According to MillerKnoll statements, combining the companies’ operations is expected to yield $100 million in savings. This raises questions concerning pricing and quality. It also creates something of a monopoly on the legacies of the iconic designers associated with the two flagship brands, which read as a who’s who of high Modernism: At Herman Miller, these include George Nelson, Isamu Noguchi, Ward Bennett and Charles and Ray Eames; at Knoll, it’s Mies van der Rohe, Eero Saarinen, Frank Gehry, Harry Bertoia, Maya Lin and the company’s co-founder Florence Knoll.

Perhaps most important, the merger announcement worried some in the design community that these companies’ spirit of unconventionality could be hampered by their union.
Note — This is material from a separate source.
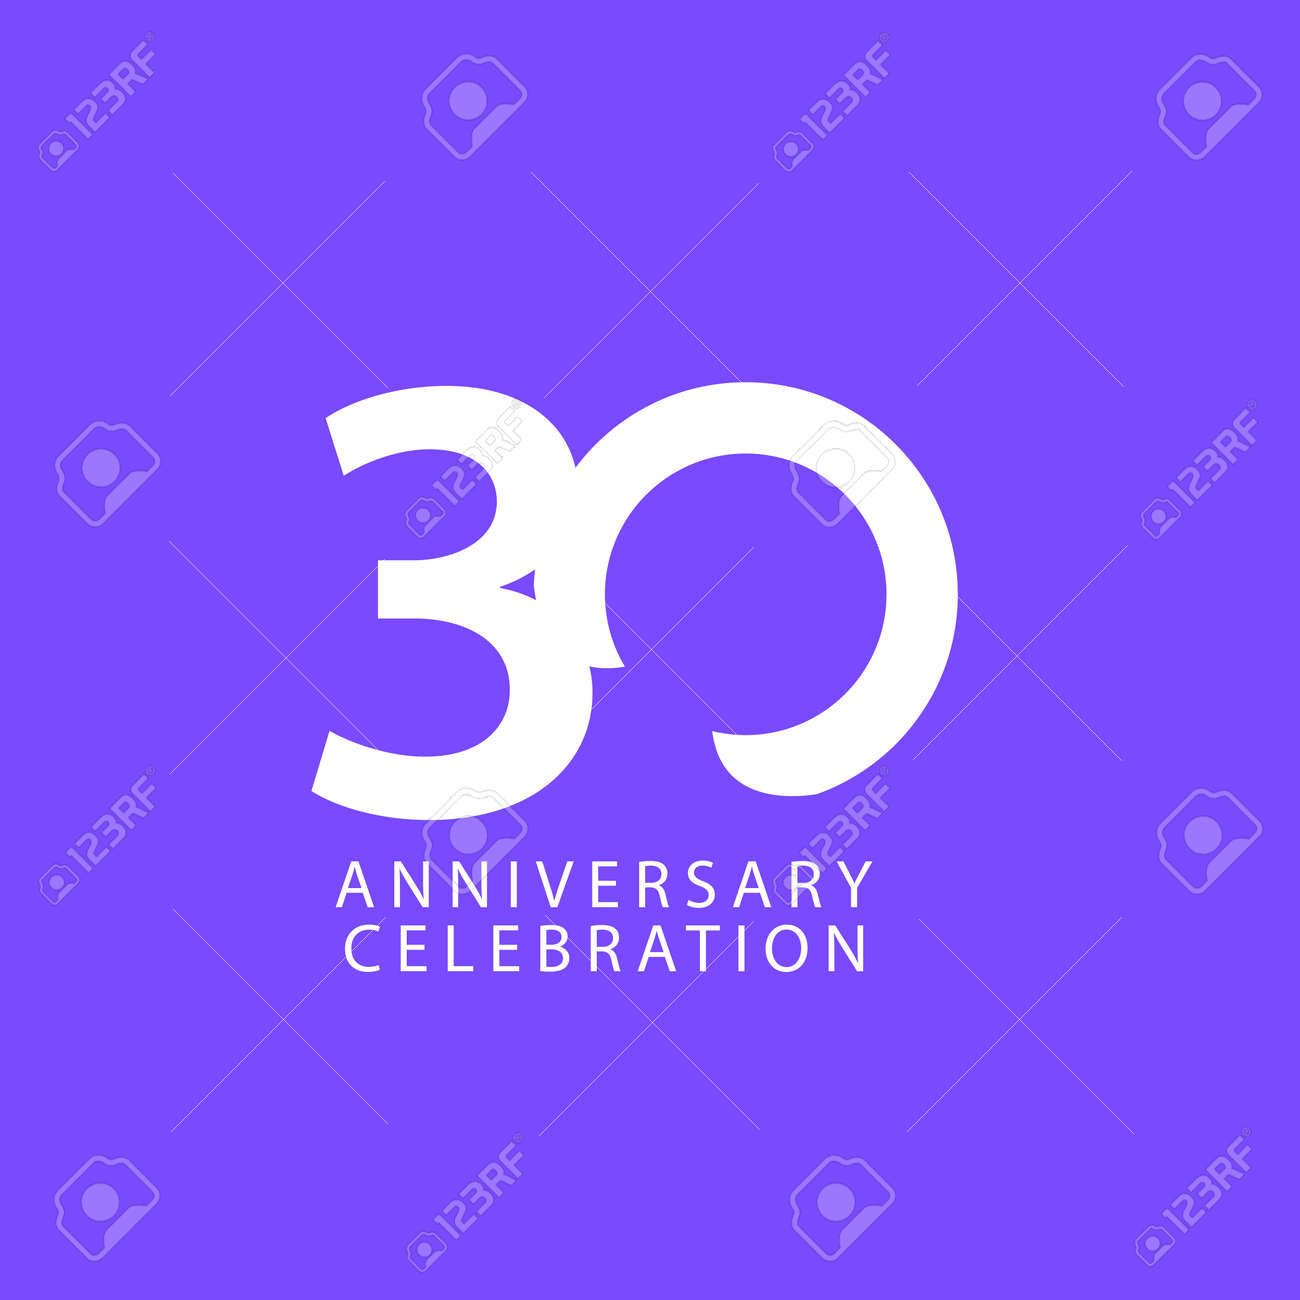 30 Years Anniversary Celebration Vector Template Design Illustration - 163698082

“There is maybe a possibility that merging and becoming less competitive among themselves might slow down innovation, make them kind of reinforce what they’re already working with,” said Elise DeChard, the owner of End Studio, a four-year-old architecture and design office in Detroit that focuses on residential, commercial and adaptive reuse projects.

Yet the pioneering histories of these companies are so intertwined as to make their amalgamation strangely inevitable. “I guess my reaction initially was, like, Wow, I’m surprised someone didn’t think of this before,” said Andrew Blauvelt, the director of the Cranbrook Art Museum.